** INFORMATION SHOWN follows **
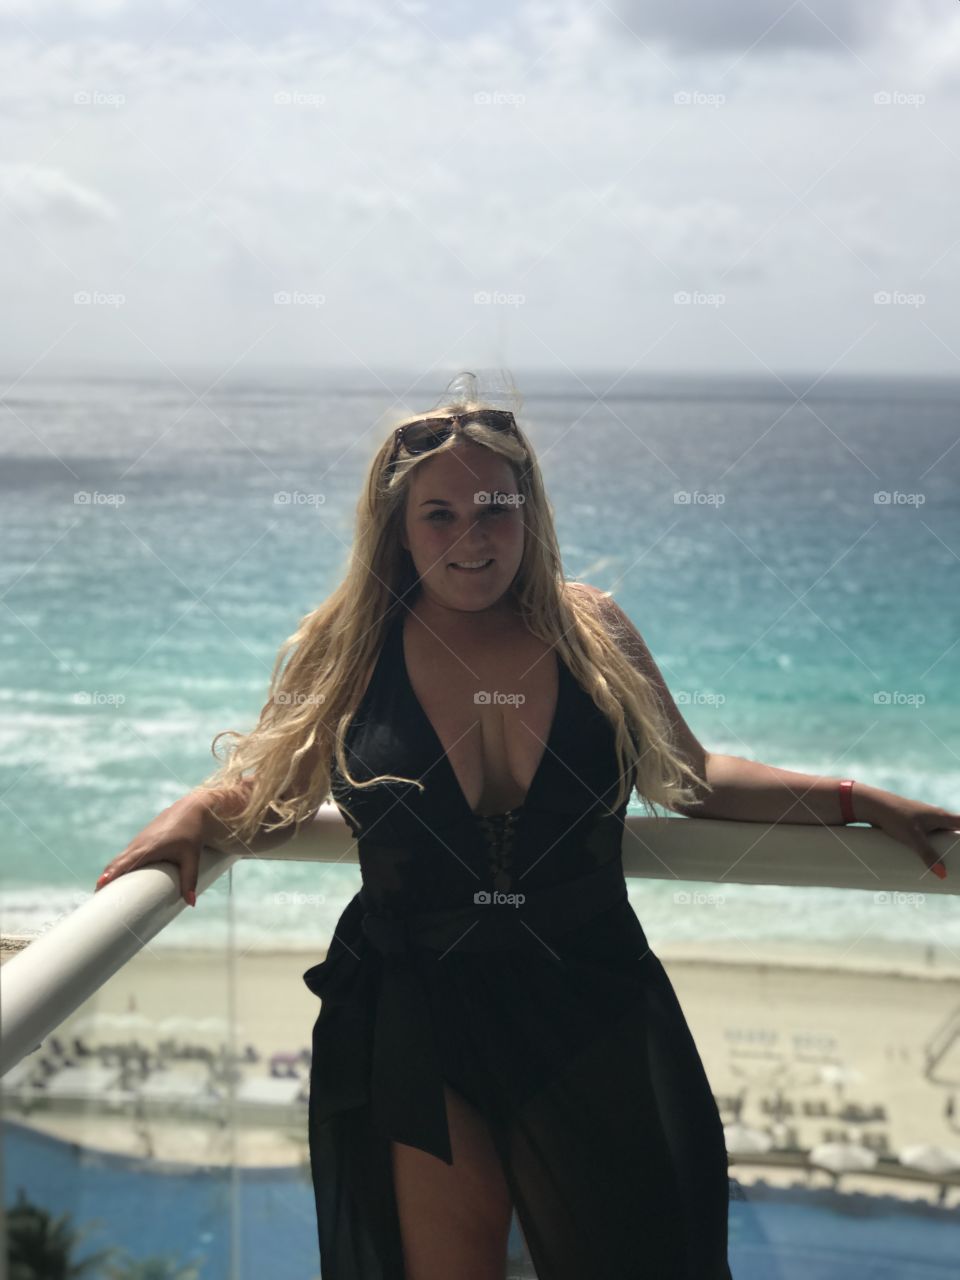 Balcony photos in cancun
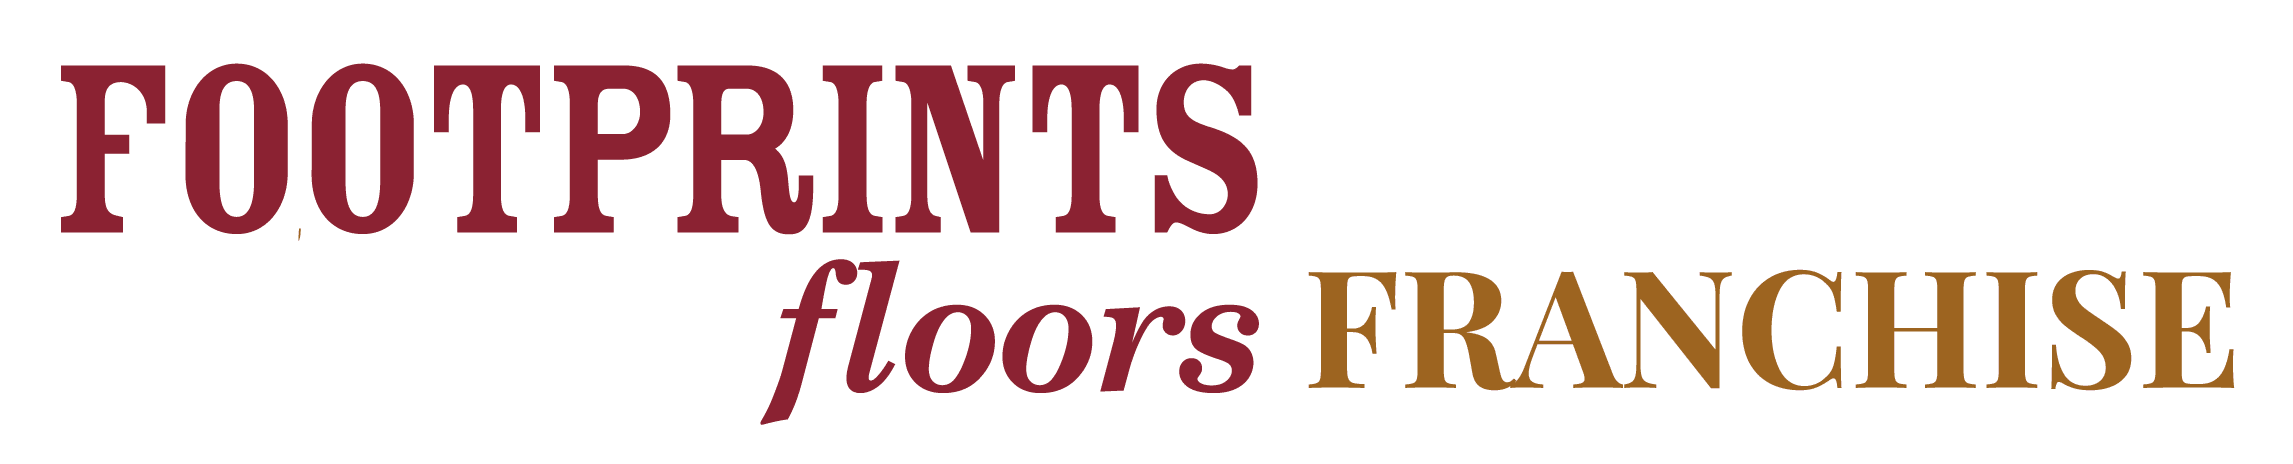 Footprints Floors home improvement franchise is an amazing opportunity for aspiring entrepreneurs.
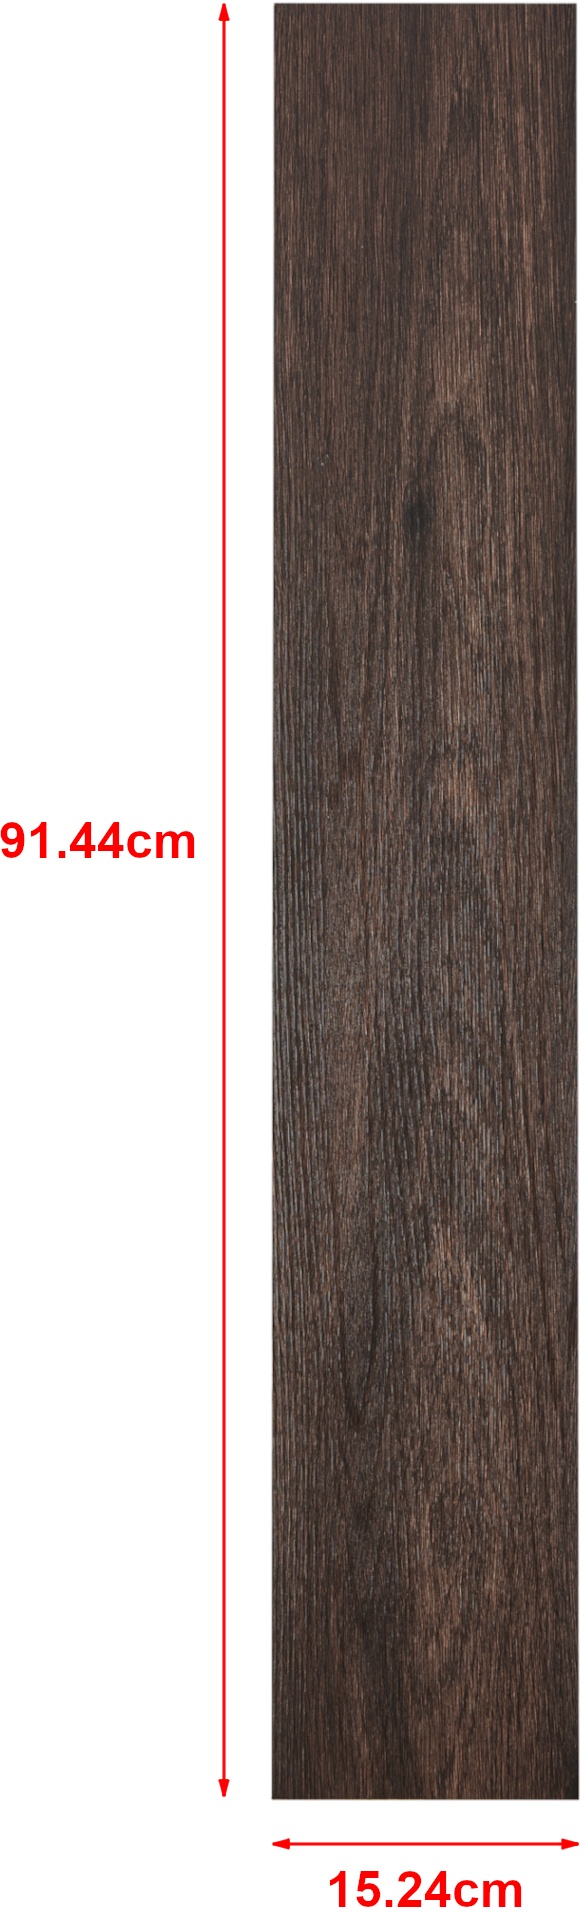 NEU.HOLZ Vinyl Laminat Vanola selbstklebend 5,85m2 Dark Wood Wenge
** End of INFORMATION SHOWN **
Give back the material above word for word; no picture belongs in it.

*RESULT:*
 Balcony photos in cancun
 Footprints Floors home improvement franchise is an amazing opportunity for aspiring entrepreneurs.
 NEU.HOLZ Vinyl Laminat Vanola selbstklebend 5,85m2 Dark Wood Wenge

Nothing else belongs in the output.